-- What is required --
Everything in the listing below except the pictures should be reproduced exactly.

START Provided data

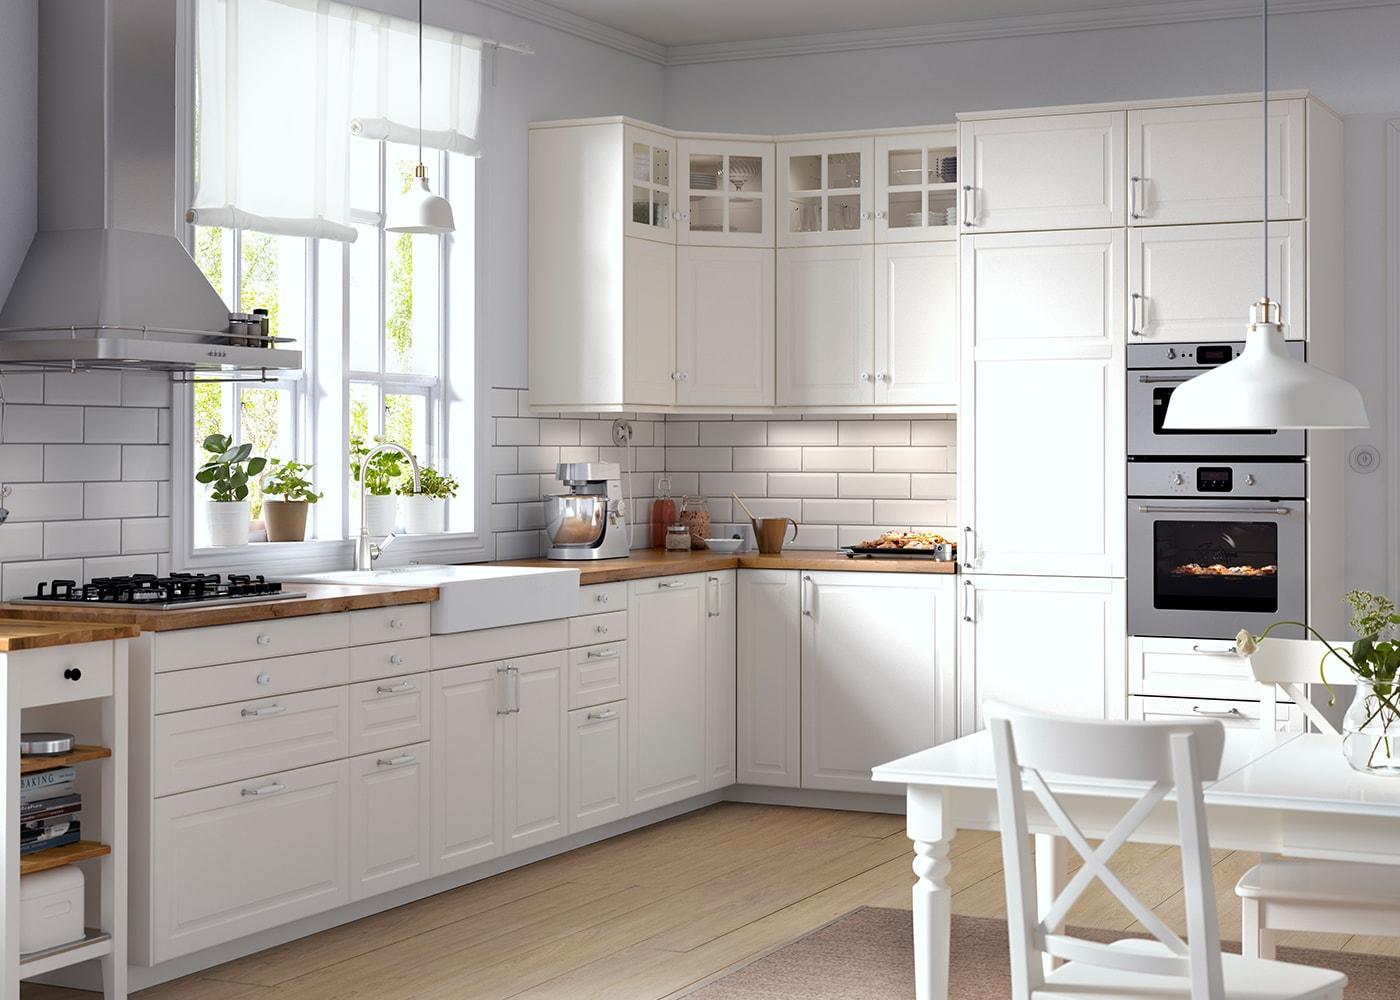 Wohnküche Ideen Ikea
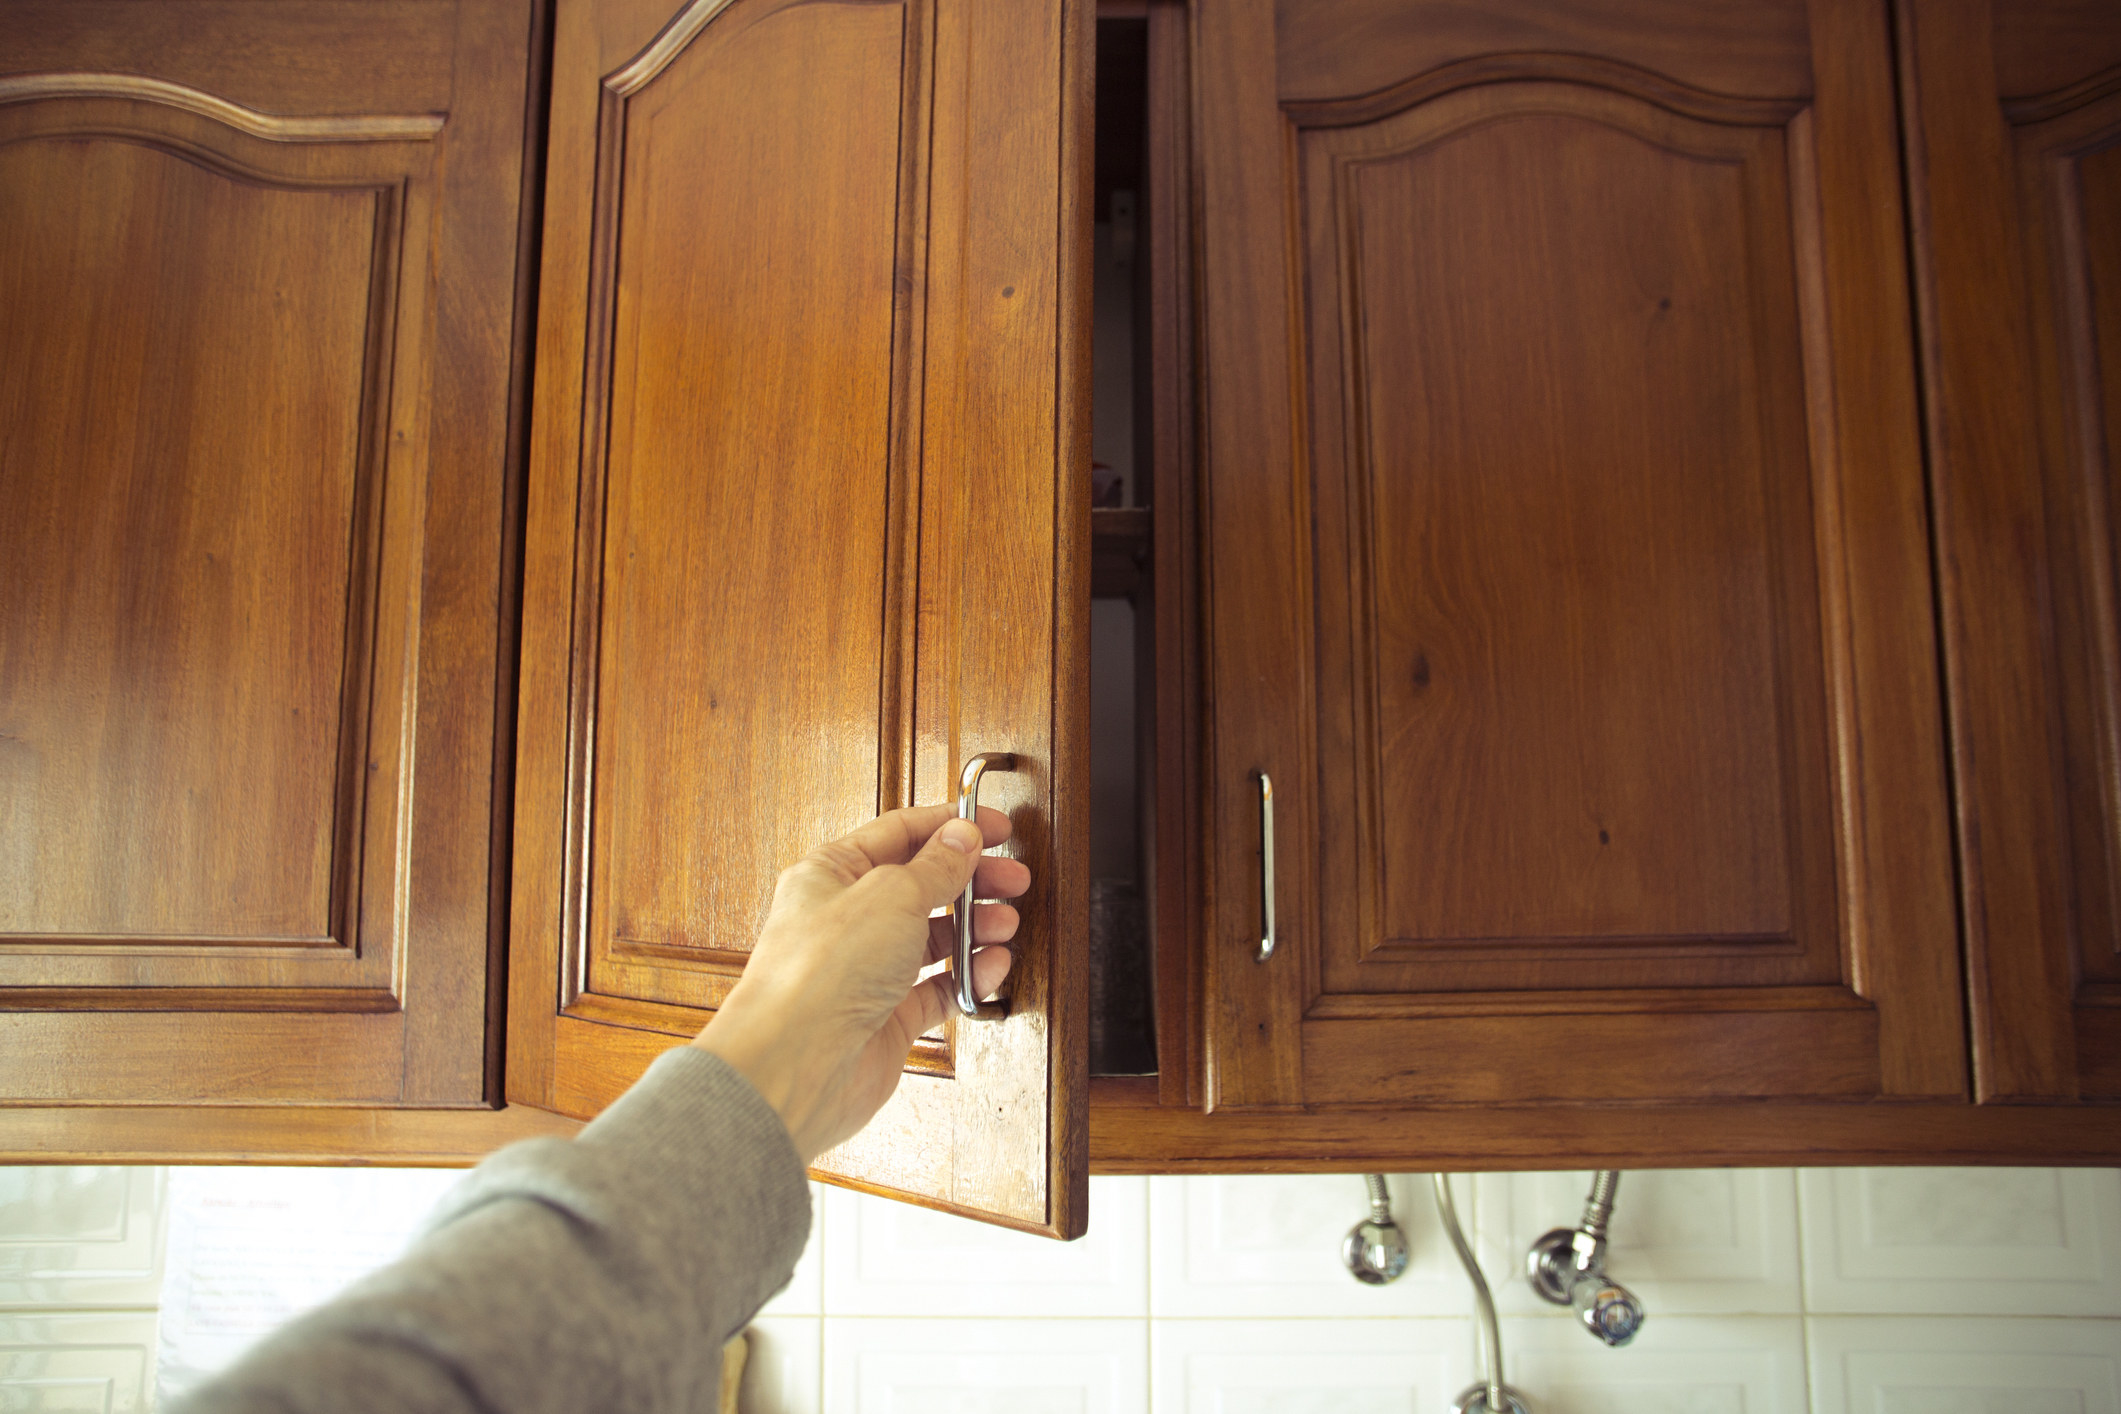 A hand opening an upper cabinet door
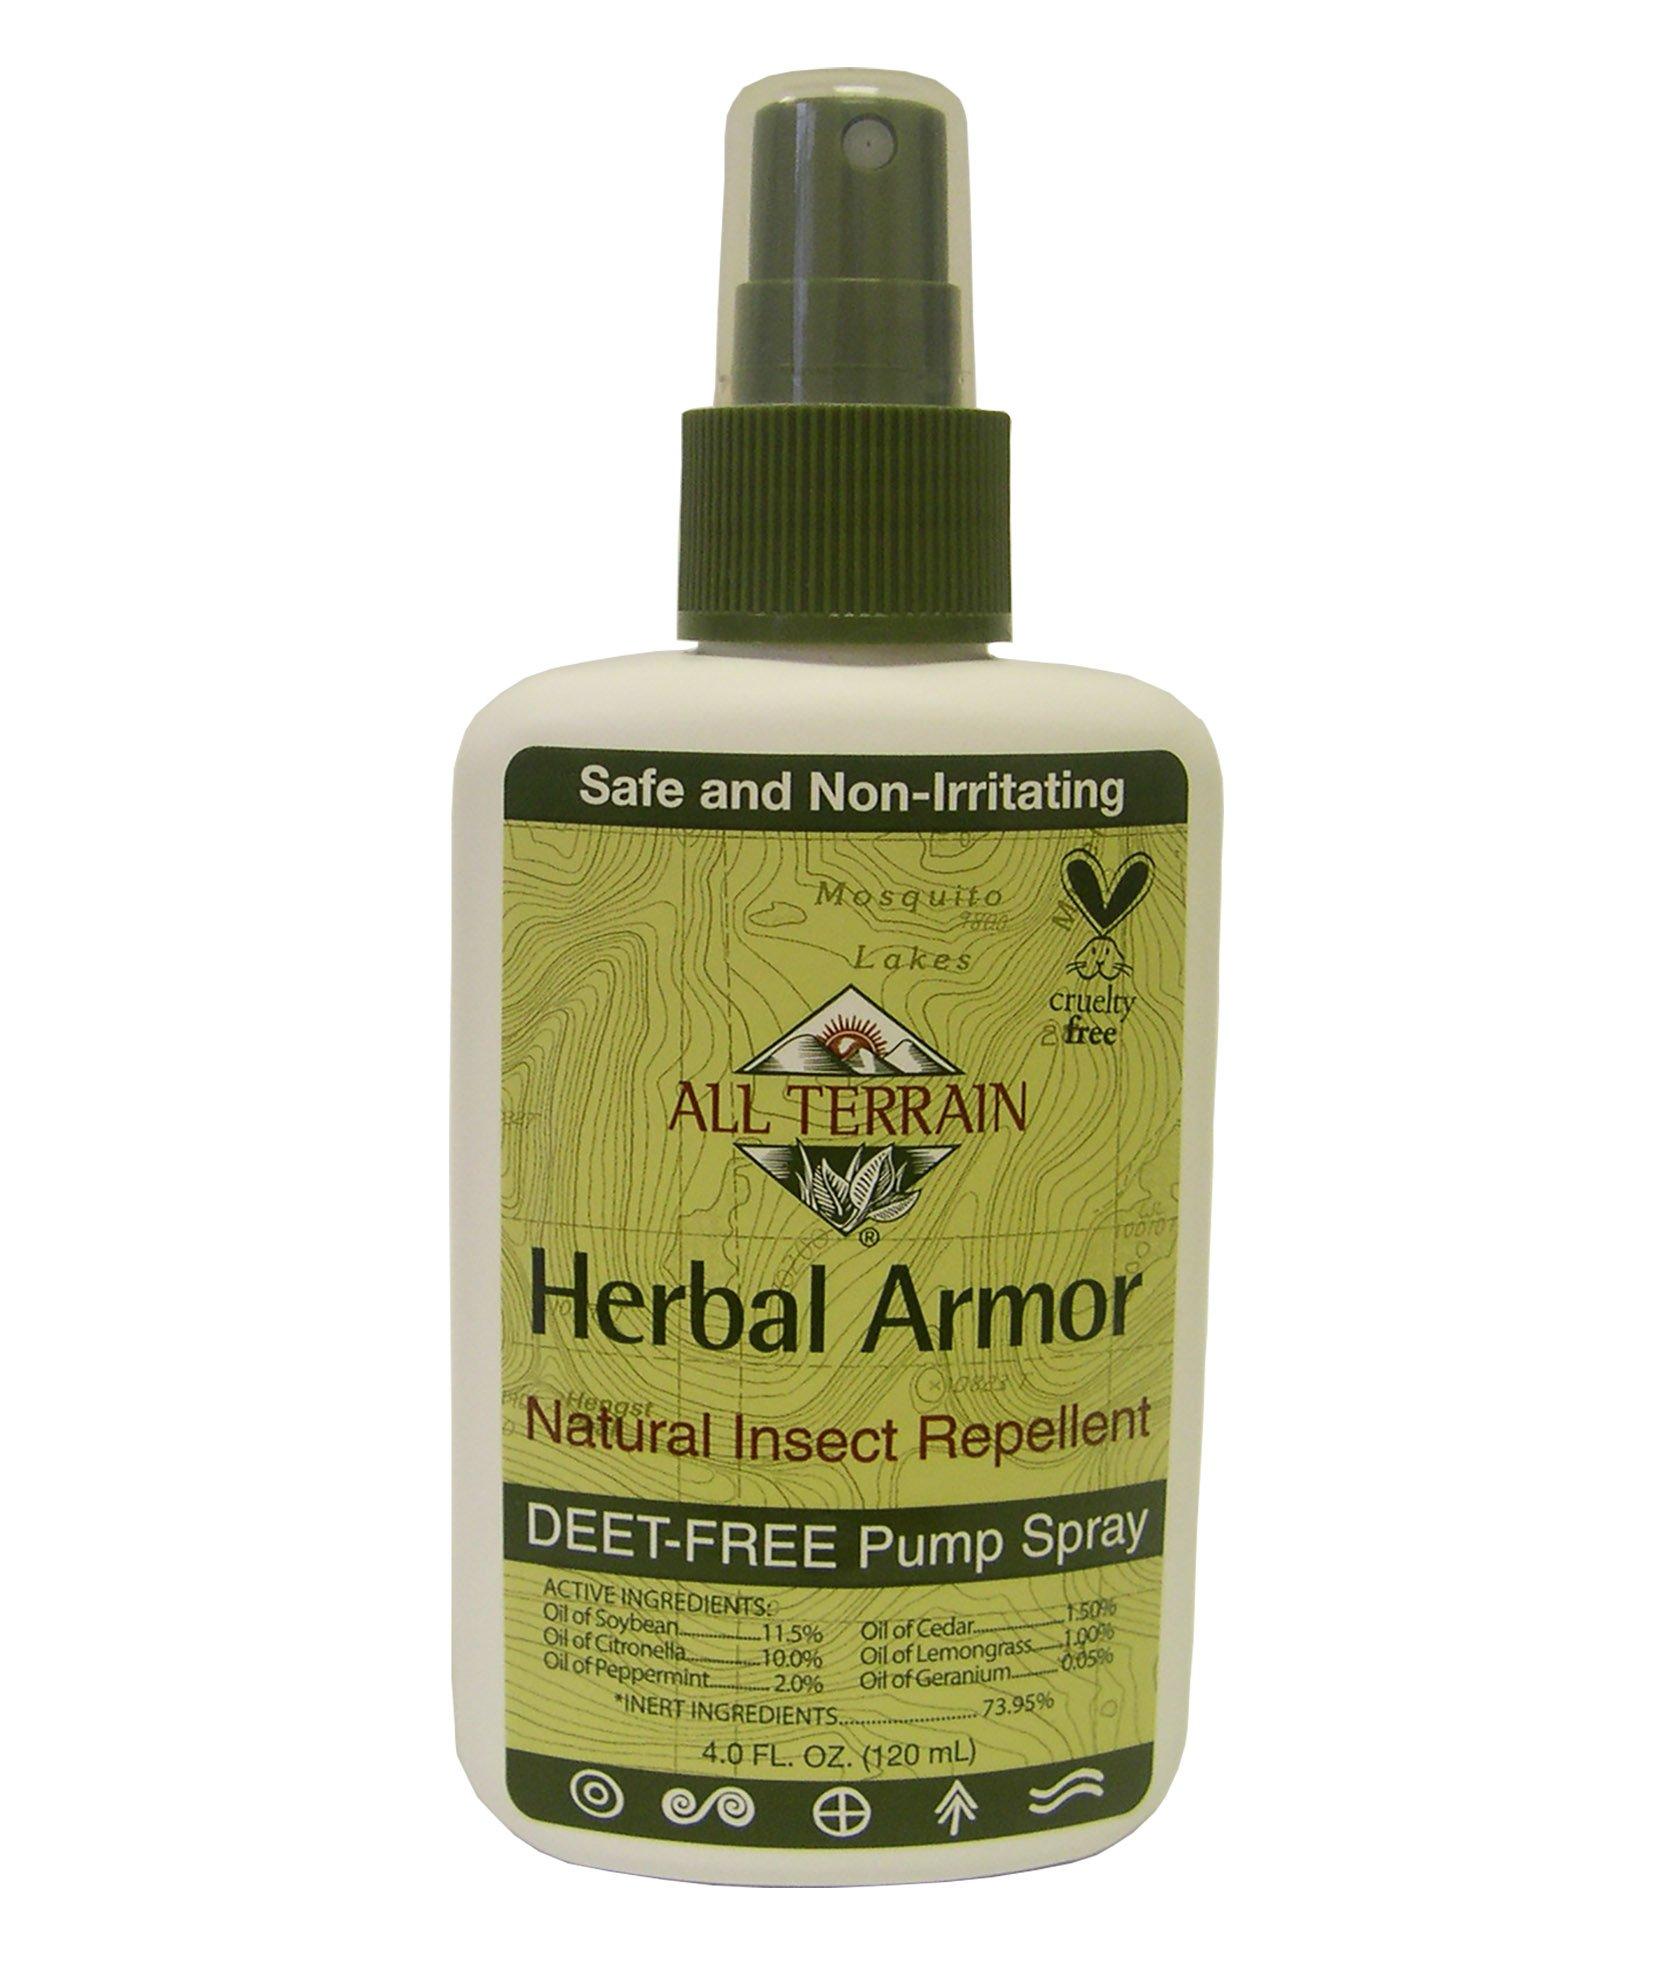 all terrain herbal armor deet free insect repellent pump spray

END Provided data

-- Answer to this problem --
 Wohnküche Ideen Ikea
 A hand opening an upper cabinet door
 all terrain herbal armor deet free insect repellent pump spray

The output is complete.